START Recorded information
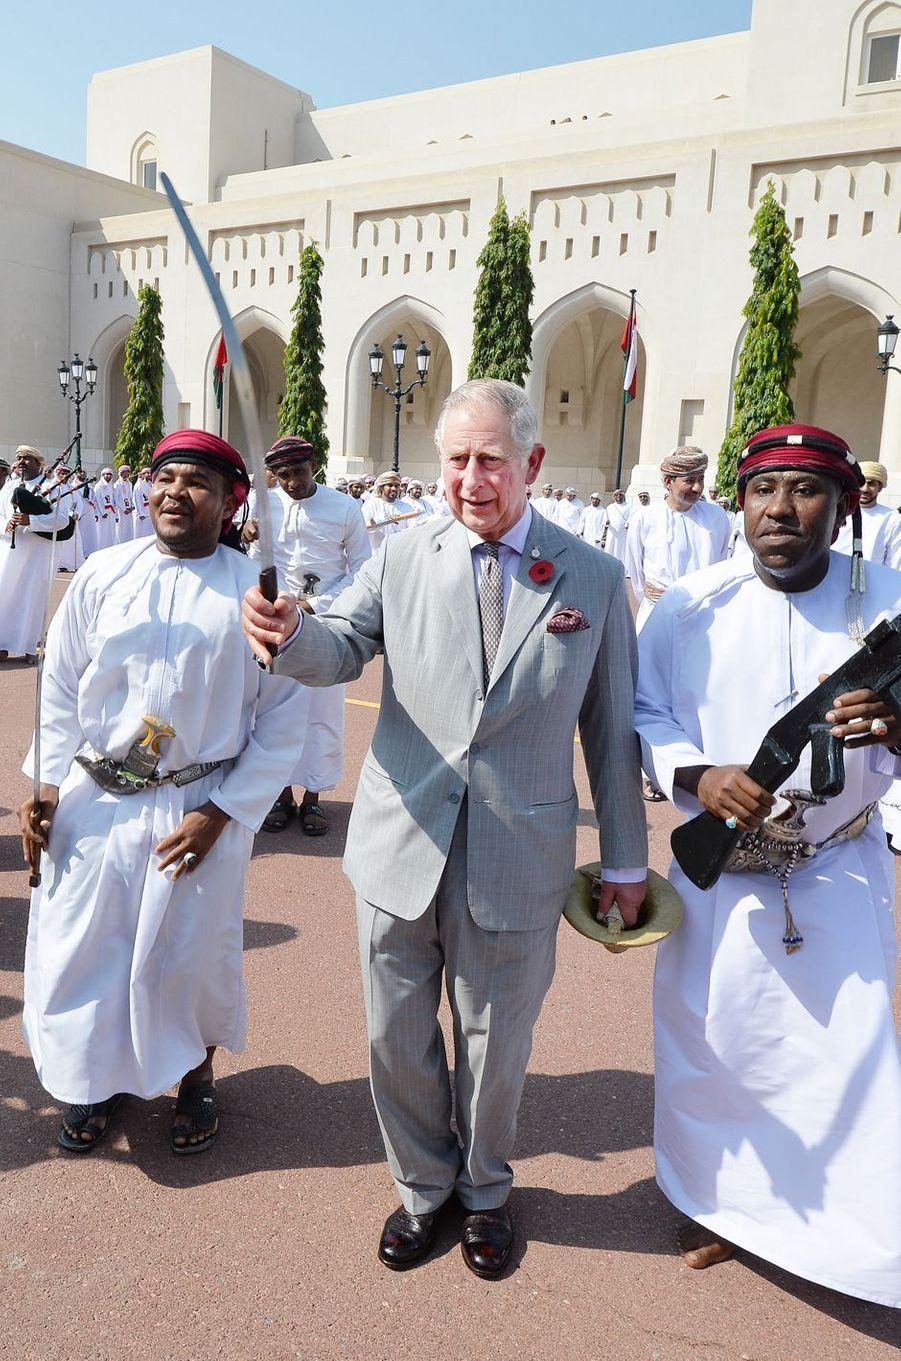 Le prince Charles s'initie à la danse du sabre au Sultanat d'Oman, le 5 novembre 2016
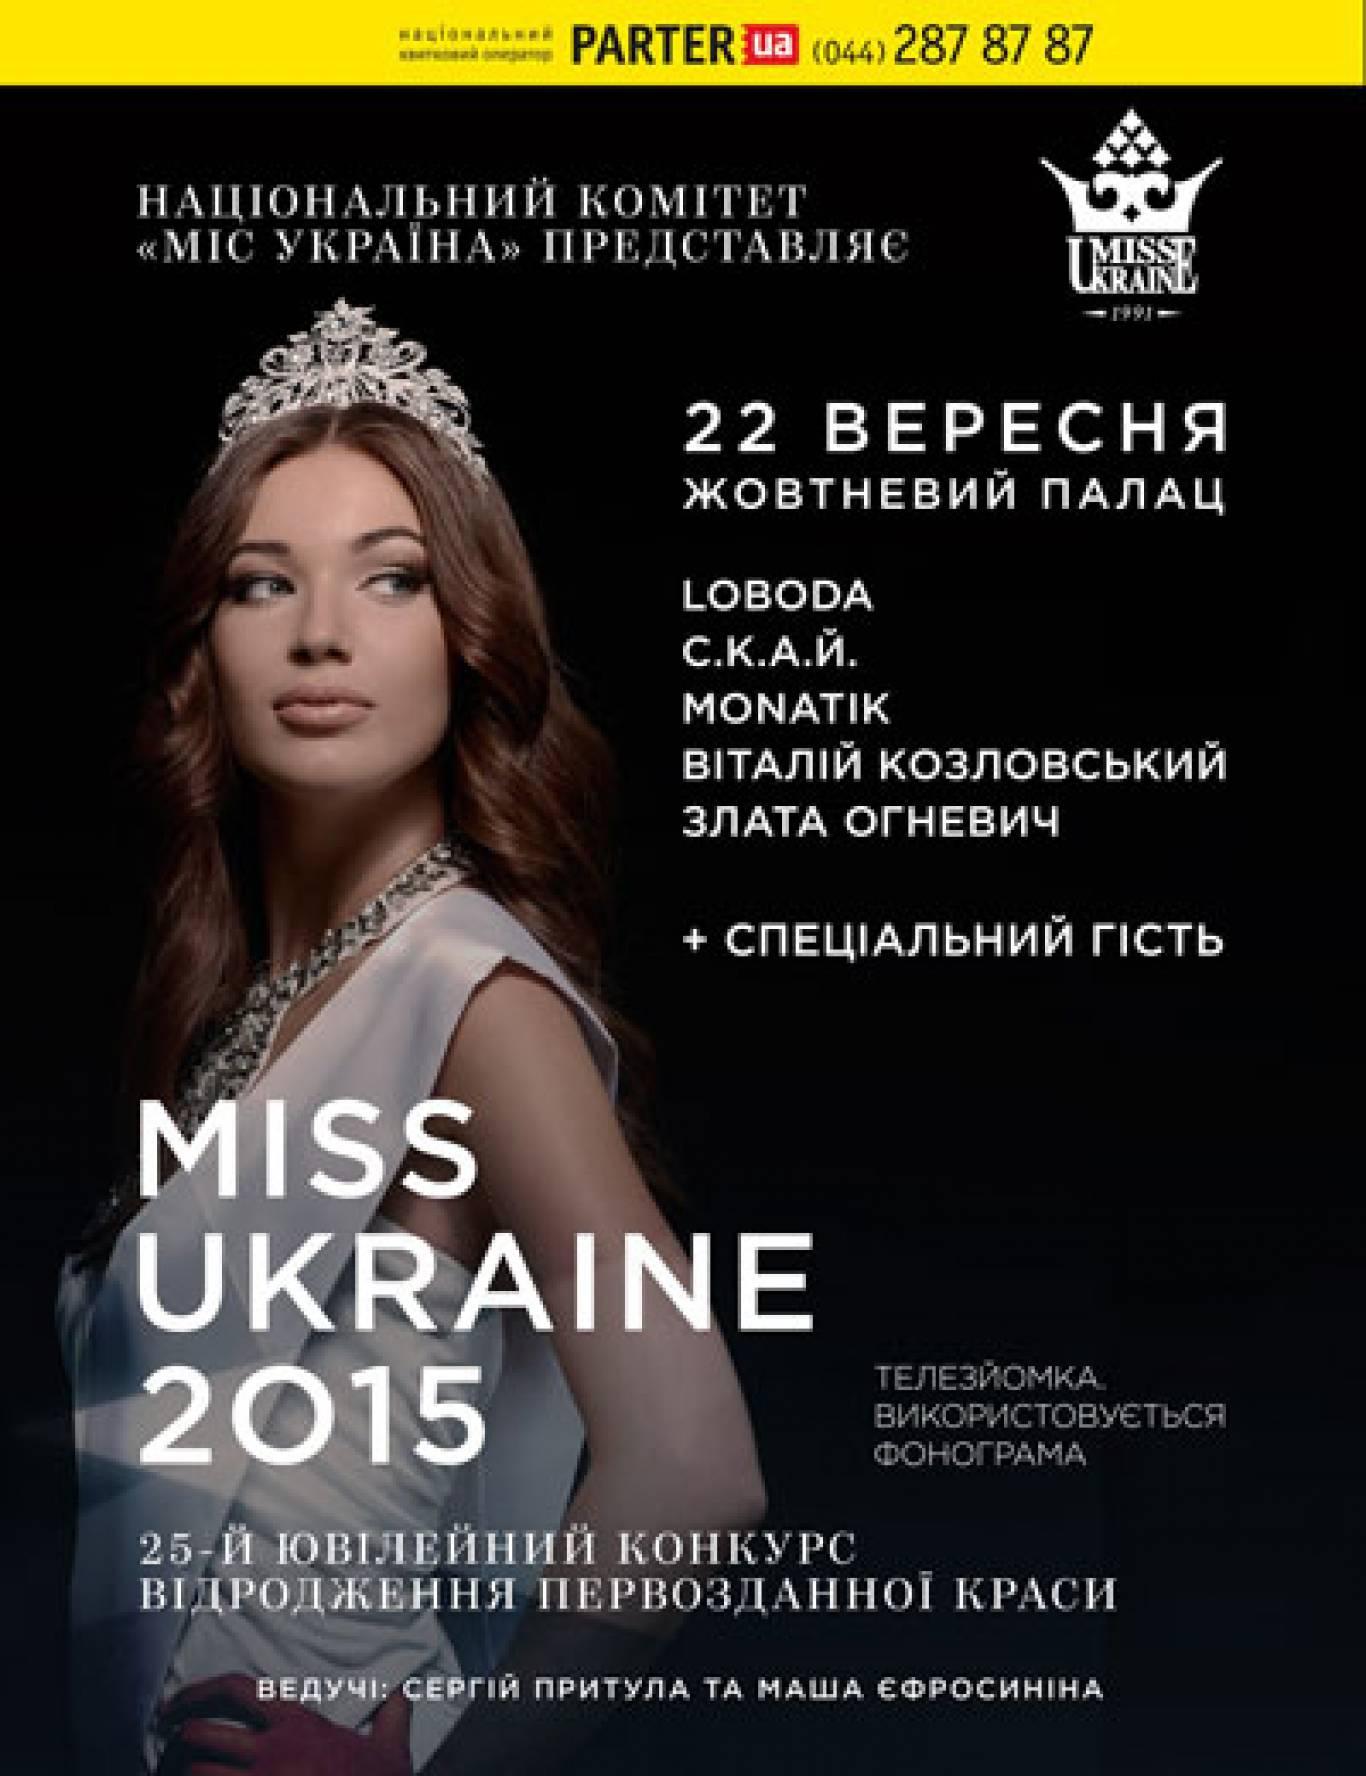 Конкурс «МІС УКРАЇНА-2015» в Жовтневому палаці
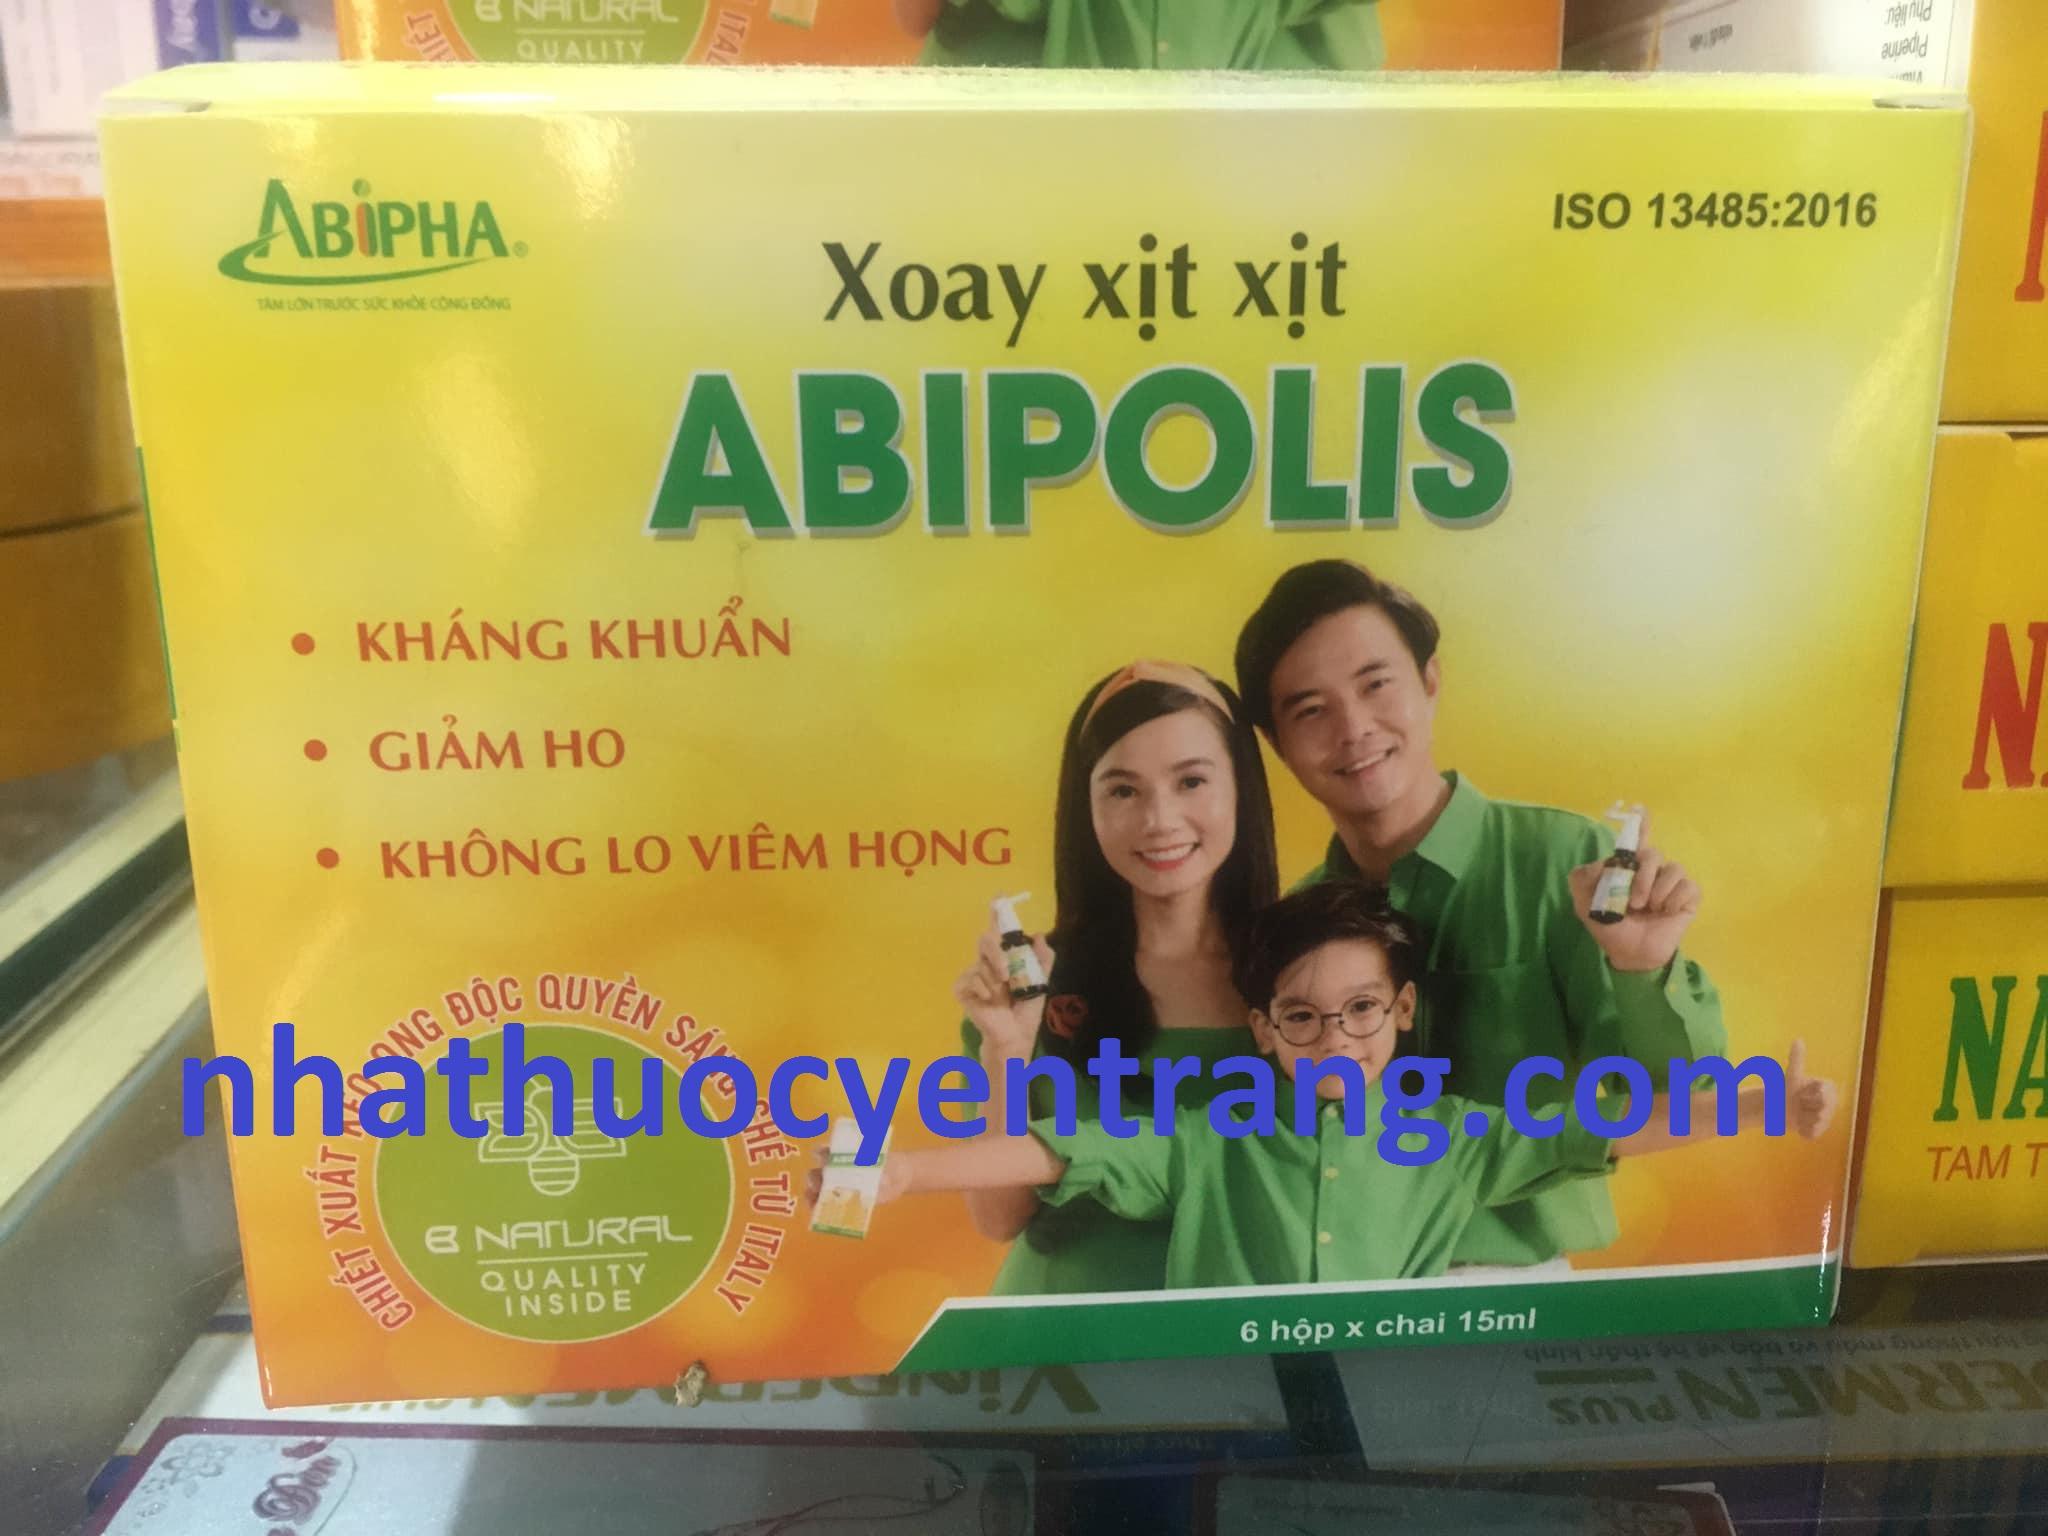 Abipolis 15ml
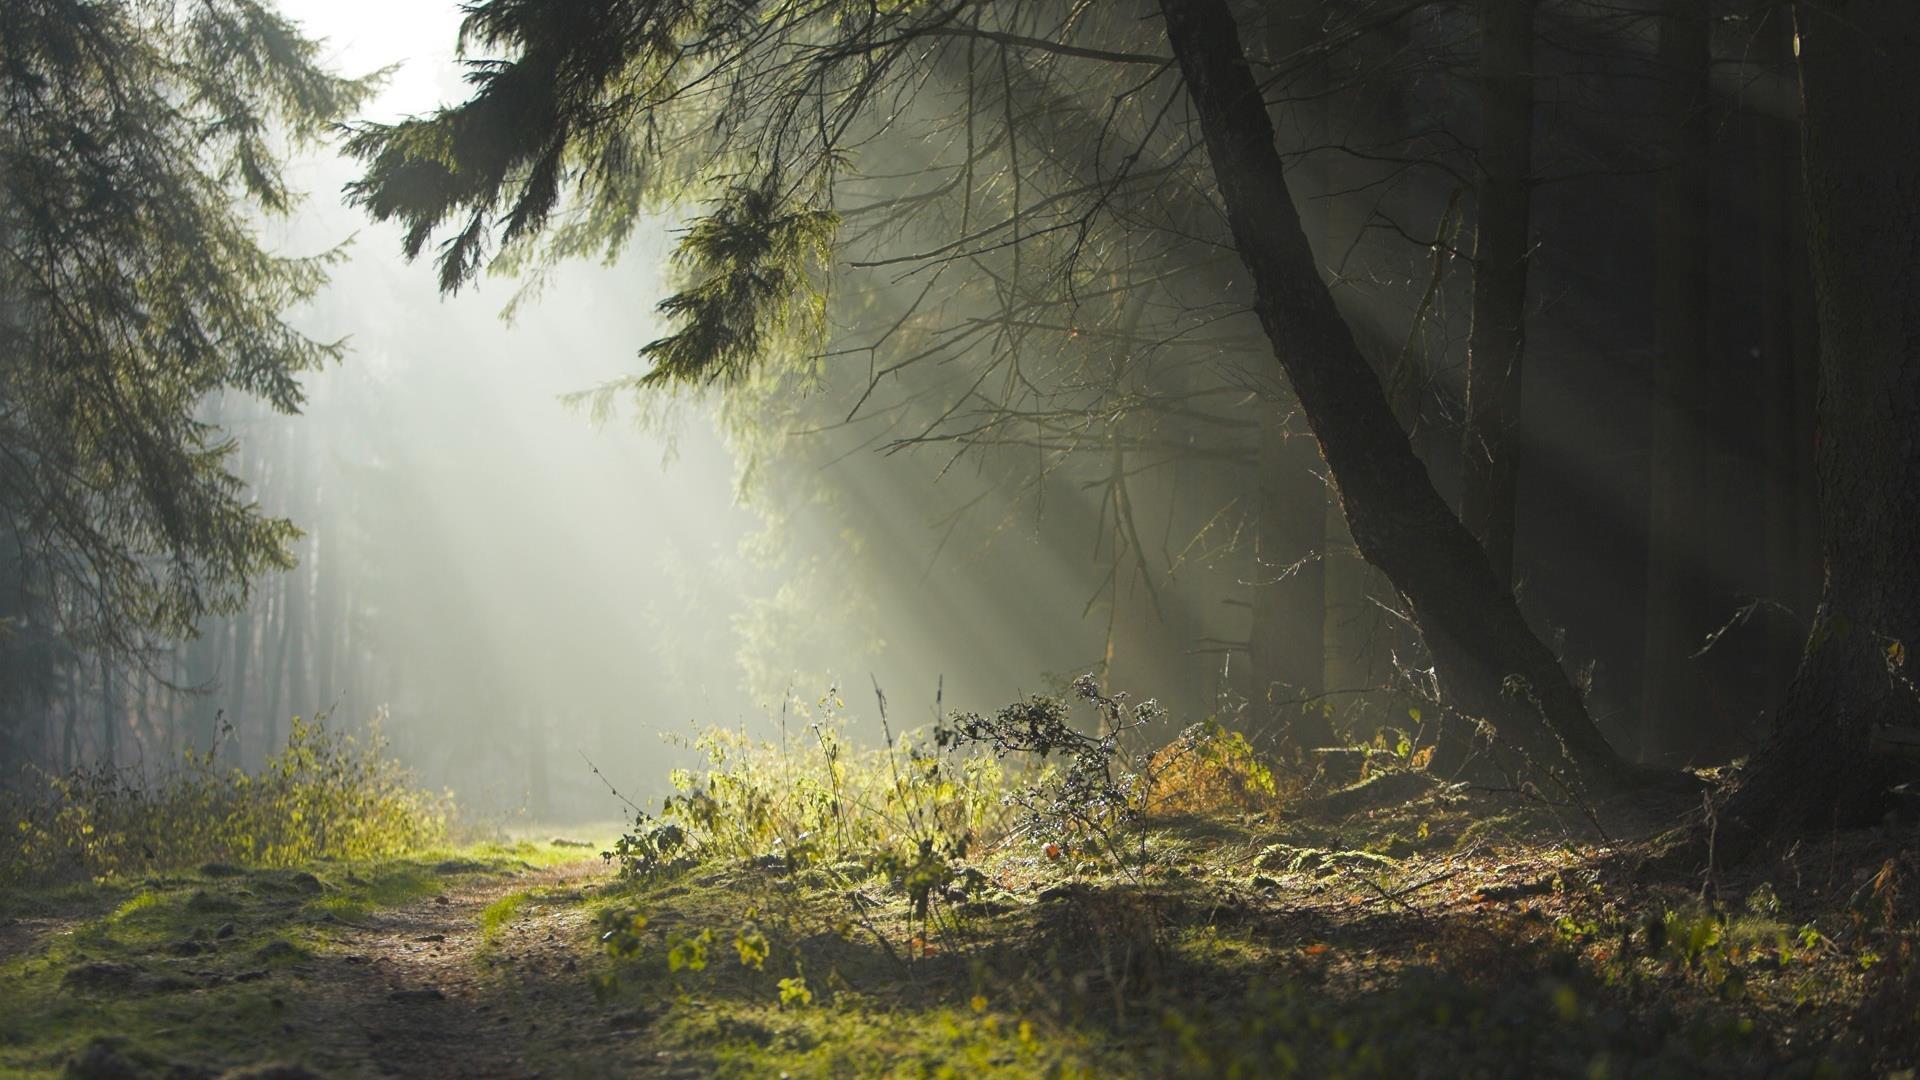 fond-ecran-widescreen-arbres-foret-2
END Recorded information
▸ Task details
From the listing, extract all text exactly as given and drop any picture.

▸ Exercise output
 Le prince Charles s'initie à la danse du sabre au Sultanat d'Oman, le 5 novembre 2016
 Конкурс «МІС УКРАЇНА-2015» в Жовтневому палаці
 Abipolis 15ml
 fond-ecran-widescreen-arbres-foret-2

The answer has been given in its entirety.